Die europäischen Vorschriftenfür für Fisch haben einen Makel. Sie erlauben, was auch auf Bauernhöfen möglich ist: dass in einer Fischfarm sowohl konventionelle Fische als auch Bio-Fisch gehalten werden dürfen. Zwar muss es eine klare Trennung geben, um die Vermischung zu vermeiden. Doch es besteht die Gefahr, dass versehentlich konventionelles Futter im Bio-Becken landet, Medikamente in den falschen Teich geraten oder herkömmliche Shrimps versehentlich als Öko-Ware zum Verkauf gelangen.

 

Vorschriften für Bio-Wein

Lange Zeit musste man beim Einkauf genau hingucken, um einen echten Öko-Wein zu erstehen. Stand auf der Flasche „Wein aus Trauben aus ökologischem Weinbau“ handelte es sich nämlich nicht um einen vollwertigen Bio-Wein, sondern allein die Trauben waren „Öko“. Die Herstellung im Weinkeller konnte mit konventionellen Verfahren und Zusätzen erfolgen. Allein die Mitglieder des Bioverbands Ecovin erfüllen seit langem strenge Vorgaben auch bei der Weinbereitung.

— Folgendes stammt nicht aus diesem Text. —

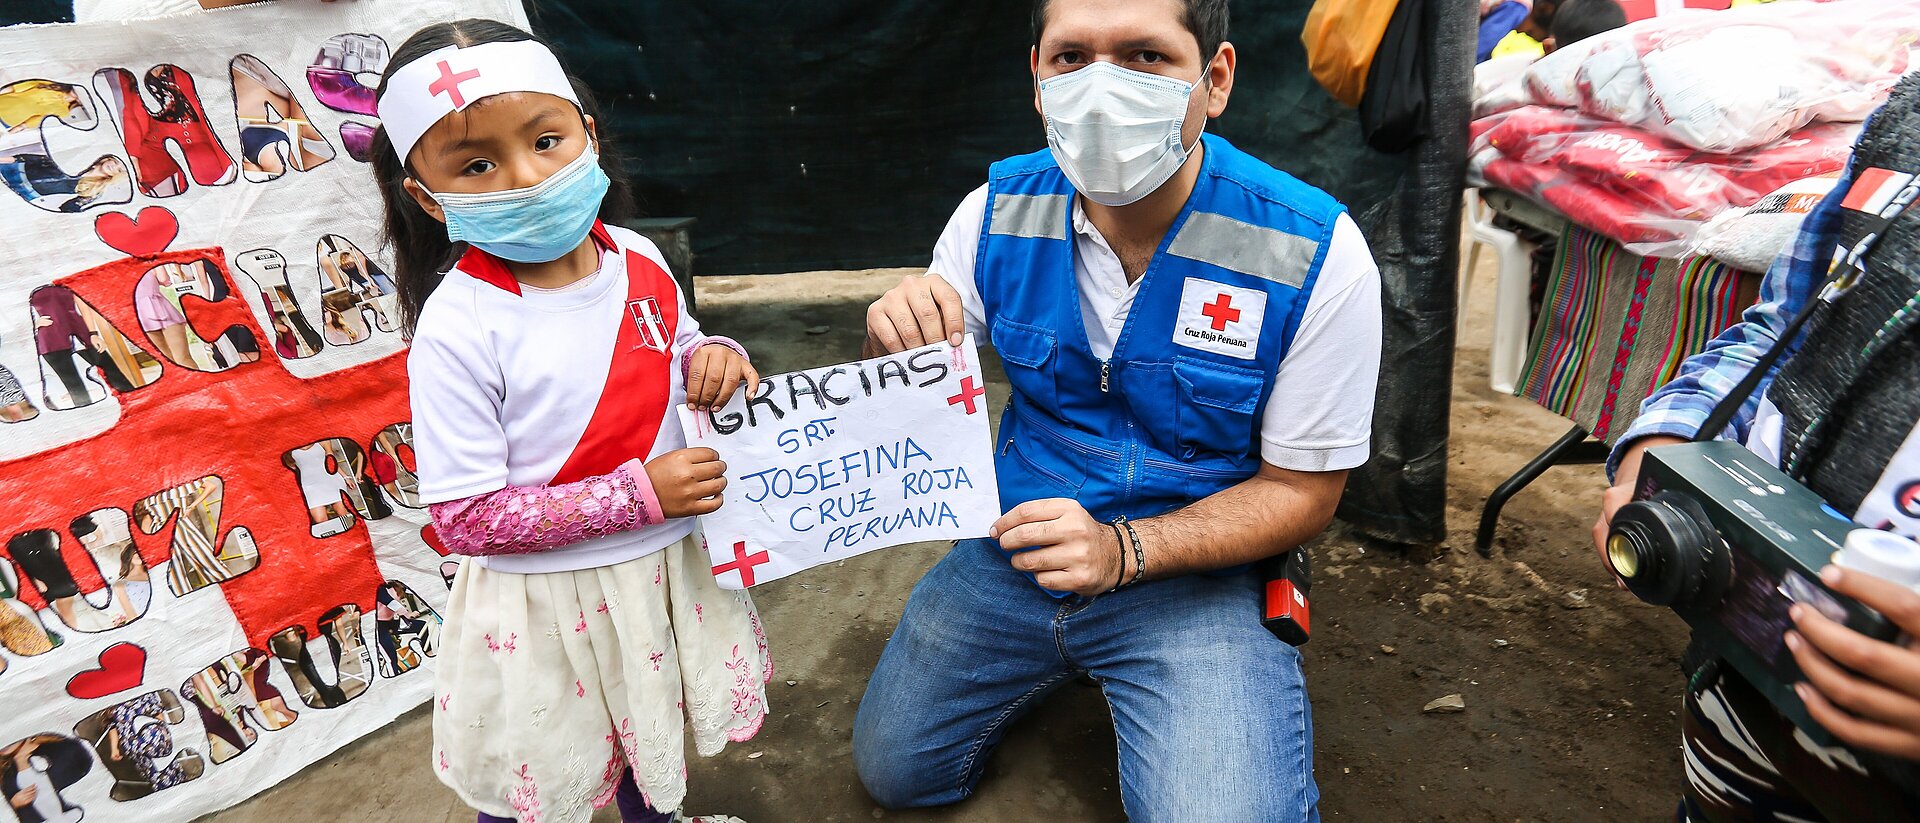 Mädchen und Rotkreuz-Helfer während der Corona-Pandemie in Peru

Seit der Traubenernte 2012 gelten nun die neuen europäischen Vorschriften für Öko-Weine. Sie schreiben nicht nur ökologisch erzeugte Trauben vor, sondern erlauben auch nur eine beschränkte Palette von Zusatzstoffen im Weinkeller. Gentechnisch veränderte Hefen sind ebenso wenig erlaubt wie der Zusatz von Sorbinsäure zur Haltbarmachung. Der Zusatz an Schwefel, der manchen Menschen Kopfschmerzen erzeugt, ist zur Konservierung zwar erlaubt, jedoch in geringerer Menge als bei konventionellen Weinen. Sie beträgt rund ein Drittel des üblichen Wertes. Weine, die vor 2012 erzeugt wurden, dürfen noch in der bisherigen Qualität verkauft werden, tragen aber wie bisher auch nur den Hinweis auf die Verwendung von Öko-Trauben. Die konsequente Weinherstellung lohnt sich. Der Genussführer „Gault Millau“ prämiert regelmäßig Weine aus konsequent biologischer Erzeugung. Viele kommen aus Deutschland.